I could hear Lily in the kitchen listening to us, trying not to make a sound. Exciting for a child, a real adults’ fight. Cass used to like to hear us going at it hammer and tongs; perhaps it was a comforting match for the clangour in her own head. Now I waited, and presently Lydia wound down, and leant forward wearily with her arms folded on her knees and her head hanging, great snorting sobs making her shudder now and then, fury’s after-tremors. Around us the shocked shadows congregated, like onlookers cautiously closing in on the still-smouldering scene of an explosion. On the lino near my foot a sunburst streamed and shivered. Odd, how distress gravitates to this passageway, the dank umbilicus of the house, with its windowless stretch of brown wall on one side and the overhang of the stairs on the other. Originally, in grander days, way before our time, it led to the servants’ quarters at the rear; halfway along there is still the frame of what was no doubt a green baize door, long ago removed.

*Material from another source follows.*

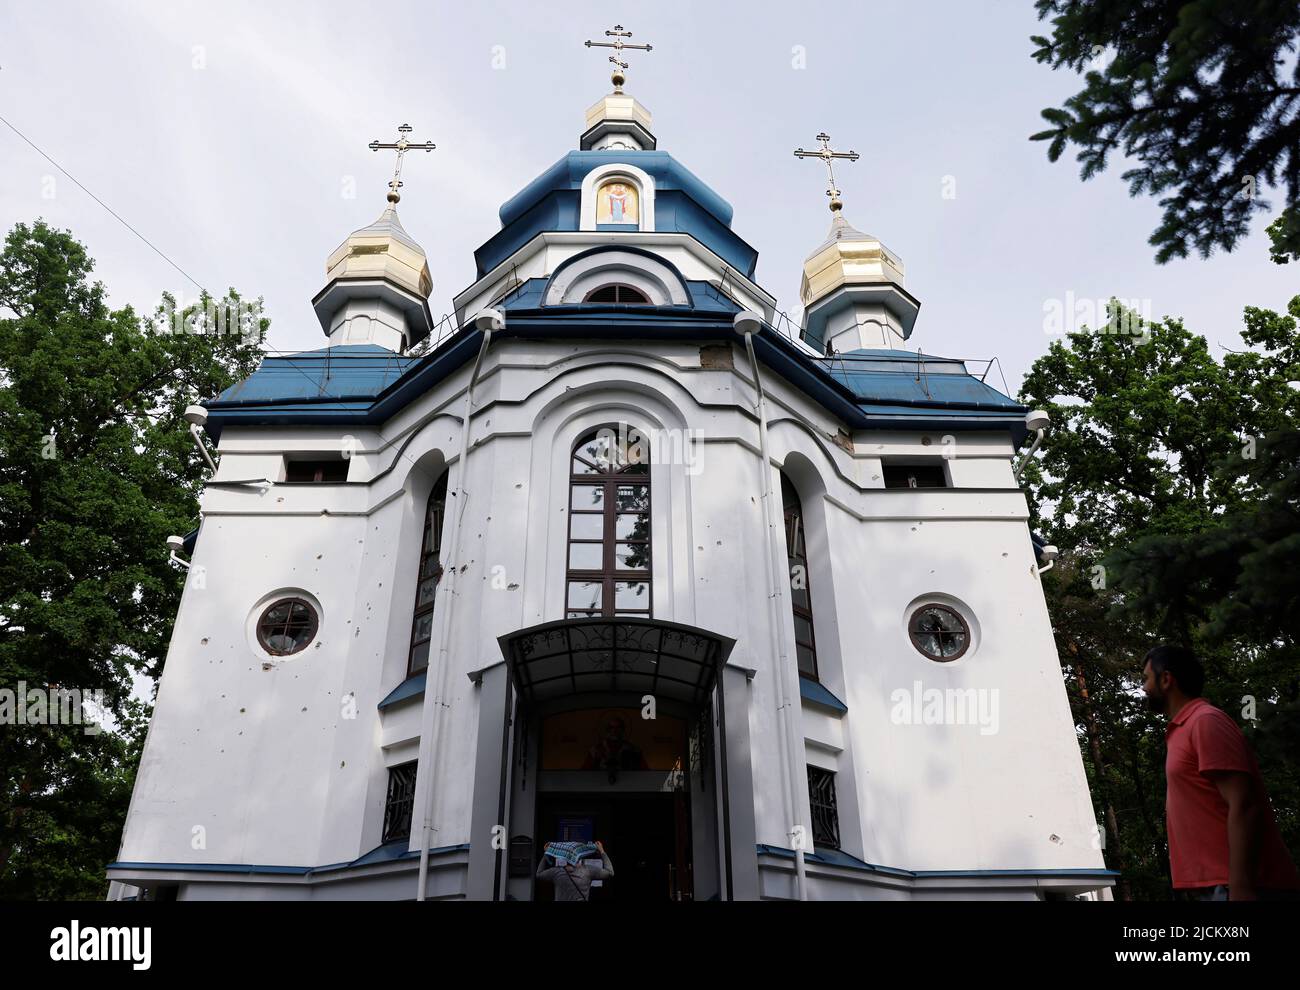 A view of Saint Nicholas church, pockmarked with shrapnel and bullet holes, as Russia's attack on Ukraine continues, in Irpin, Kyiv region, Ukraine June 4, 2022. Picture taken June 4, 2022.  REUTERS/Edgar Su Stock Photo

Air stands unmoving here, unchanged for centuries, it seems; vague draughts swim through, like slow fish. There is a stale, brownish smell that haunted me as a child; it was like the smell I made when I cupped my hands over my nose and mouth and breathed the same breath rapidly in and out. My mother it was who put the sofa here, dragged it in by herself from the front room one day when I was at school, another of her whims. The lodgers took to it straight away, there was always one of them sitting on it, this one nursing a disappointment in love, that one the unacknowledged beginnings of a cancer. Cass too would perch there, with her thumb in her mouth and her legs folded under her, especially after a seizure, when the light hurt her eyes and she wanted nothing but solitude, and silence, and shadows.